Janis Joplin
Janis Joplin grew to fame as the singer for Big Brother & The Holding Company, one of the biggest bands of the 1960s San Francisco scene. Joplin was a Texas-born blues singer who moved to the Bay Area in 1963, living in North Beach, and later Haight–Ashbury. In 1964, Joplin and future Jefferson Airplane guitarist Jorma Kaukonen recorded a number of songs, accompanied by Margareta Kaukonen on the typewriter as a percussion instrument. The seven songs they recorded were later released as a bootleg album named, The Typewriter Tape. Around the same time, Joplin began heavier drug use and earned a reputation as a speed freak and heroin user. In May 1965, Joplin returned home to Port Arthur, Texas. She changed her lifestyle—avoiding drugs and alcohol—and went back to school to study sociology. While attending school, Joplin often went to Austin to perform—usually solo—accompanying herself on guitar.
By mid-1966, her strong vocals caused Chet Helms to persuade her to move back to San Francisco and join Big Brother. From that time until her departure in December 1968, the group recorded and toured extensively.
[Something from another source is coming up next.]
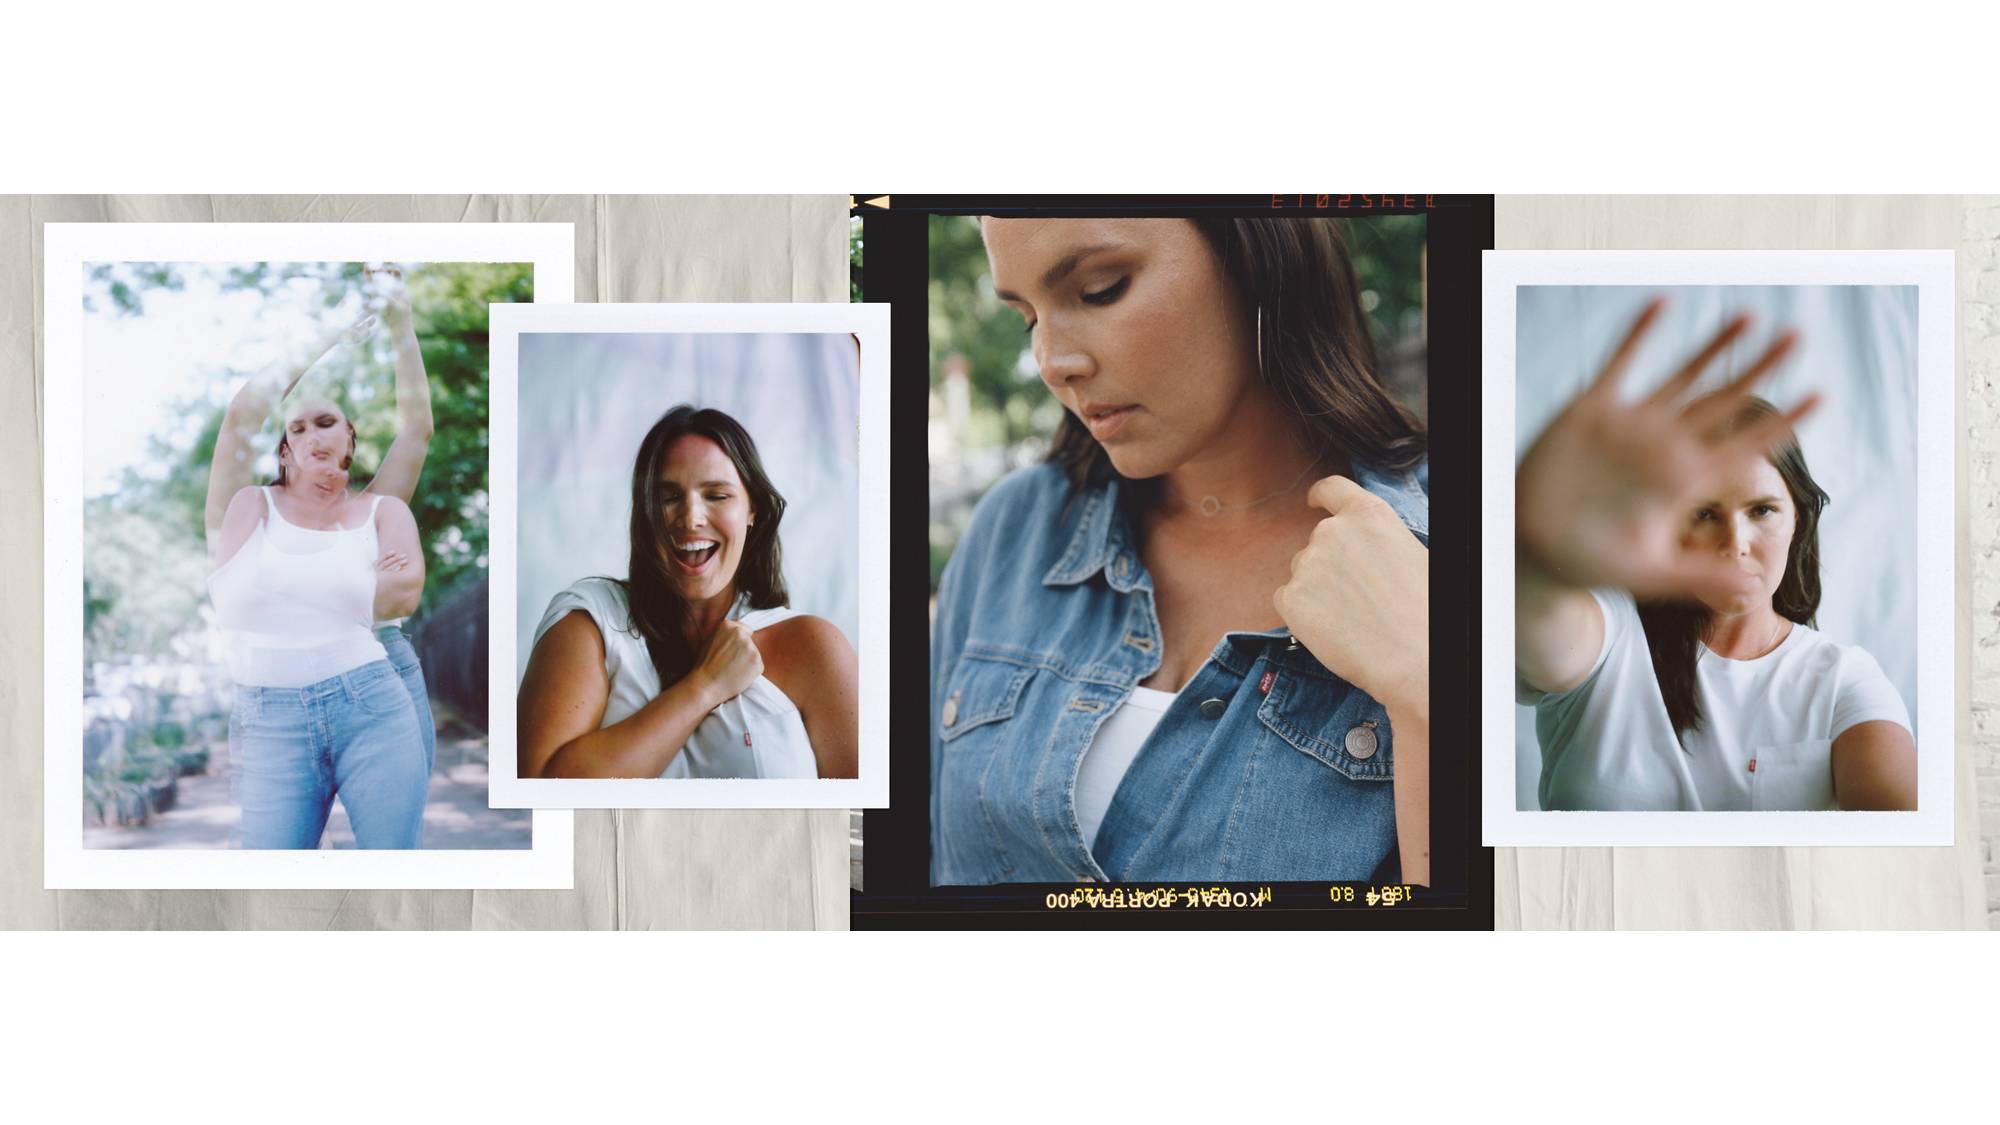 showcasing 4 images of woman

Cheap Thrills, the band's second album, contained the single, Piece of My Heart, which reached the number one spot on the Billboard charts only eight weeks after its release. The album sold more than one million copies in the first month. Joplin played her last show with Big Brother & The Holding Company on December 1, 1968, and headed out on a solo career backed by the Kozmic Blues Band.
Joplin and the Kozmic Blues Band toured North America and Europe throughout 1969 and appeared at Woodstock in August. By this time in her career, Joplin was fully addicted to heroin, reportedly shooting at least $200 worth per day. Her performance at Woodstock and a later show at Madison Square Garden were near disasters and she was generally so wasted that the audiences wondered if she would make it through the show. The Madison Square Garden show was the last performance Joplin played with the Kozmic Blues Band.
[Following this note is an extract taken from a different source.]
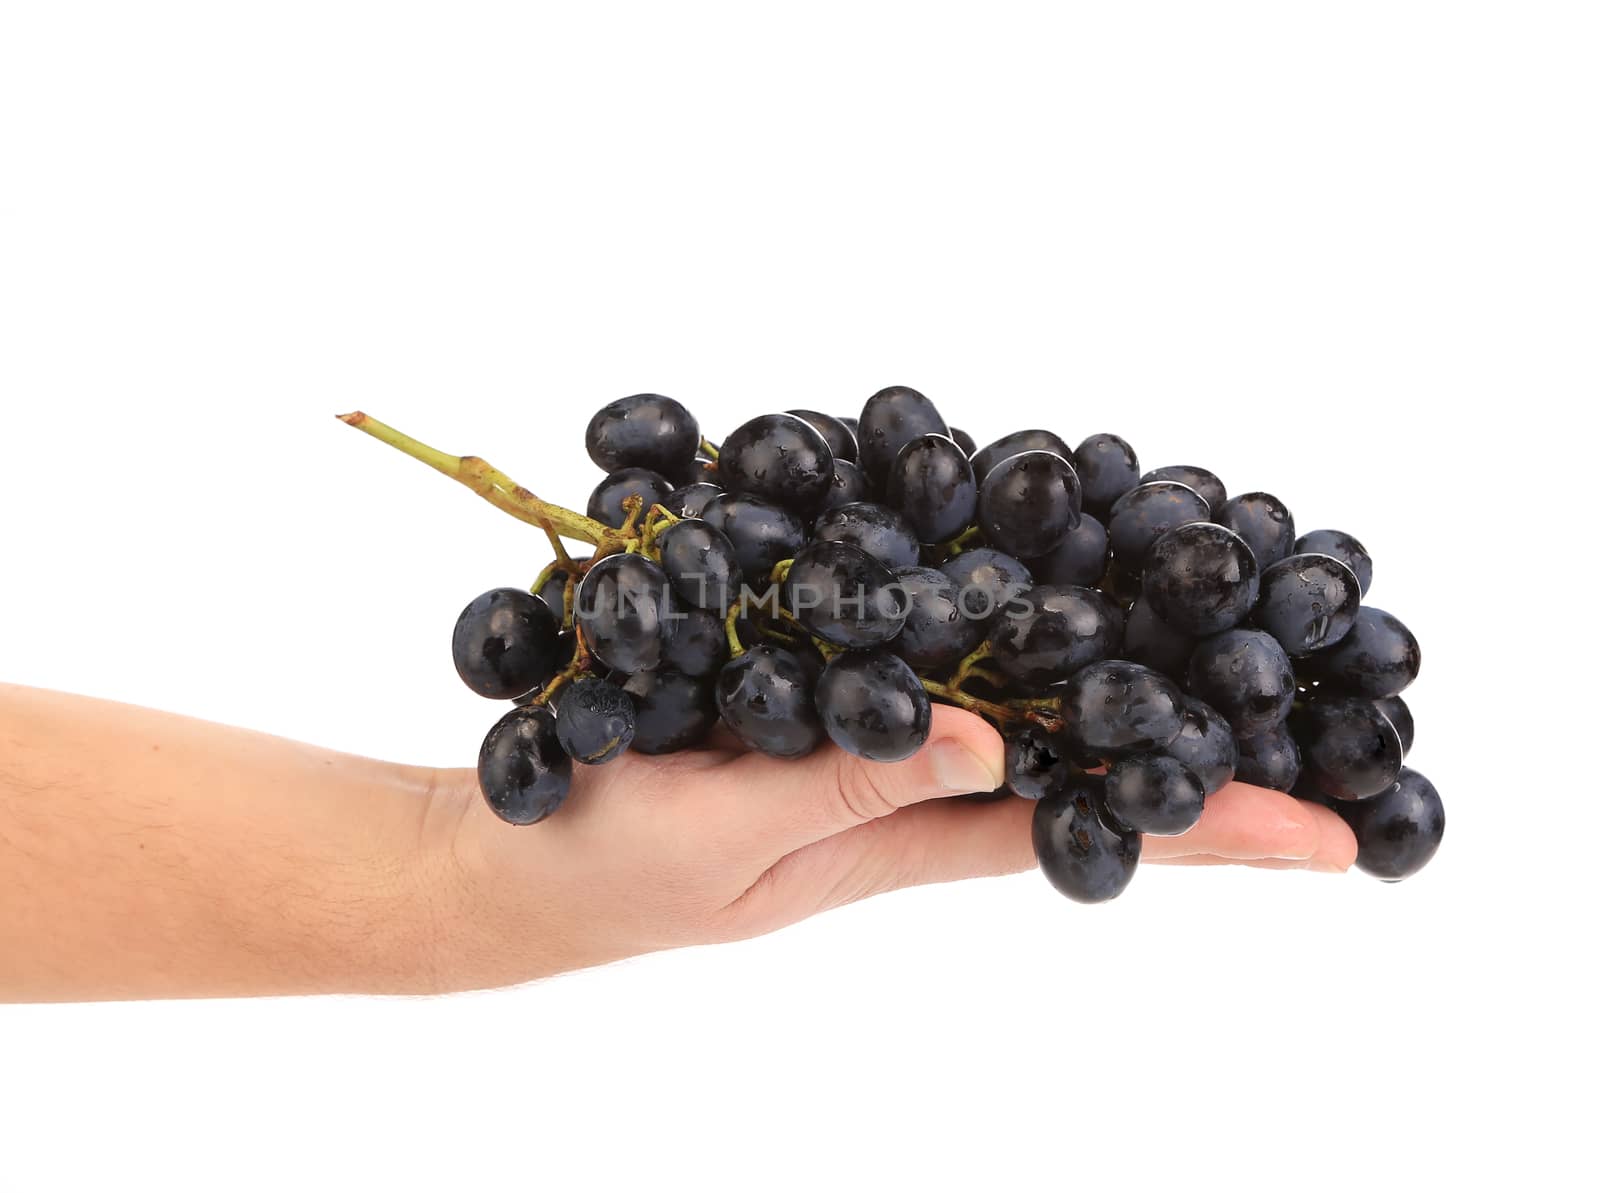 Black grapes in hand. Isolated on a white background.

In February 1970, Joplin visited Brazil, where she quit her drug and alcohol use for a time, but by May when she and her newly formed group—the Full Tilt Boogie Band—hit the road, she was using full time again. This tour took the group on the Festival Express Tour through Canada where they played alongside the Grateful Dead, Rick Danko, and The Band. Once the tour had ended, the group went to the recording studio and started work on an album that was posthumously released as Pearl in 1971.
Joplin died on October 4, 1970 of a heroin overdose at the Landmark Motor Hotel in Los Angeles. Janis Joplin left behind a huge legacy in her short career and was inducted into the Rock and Roll Hall of Fame in 1995. In 2005, she was awarded a Grammy Lifetime Achievement Award. There is a movie about her life scheduled for release in 2012.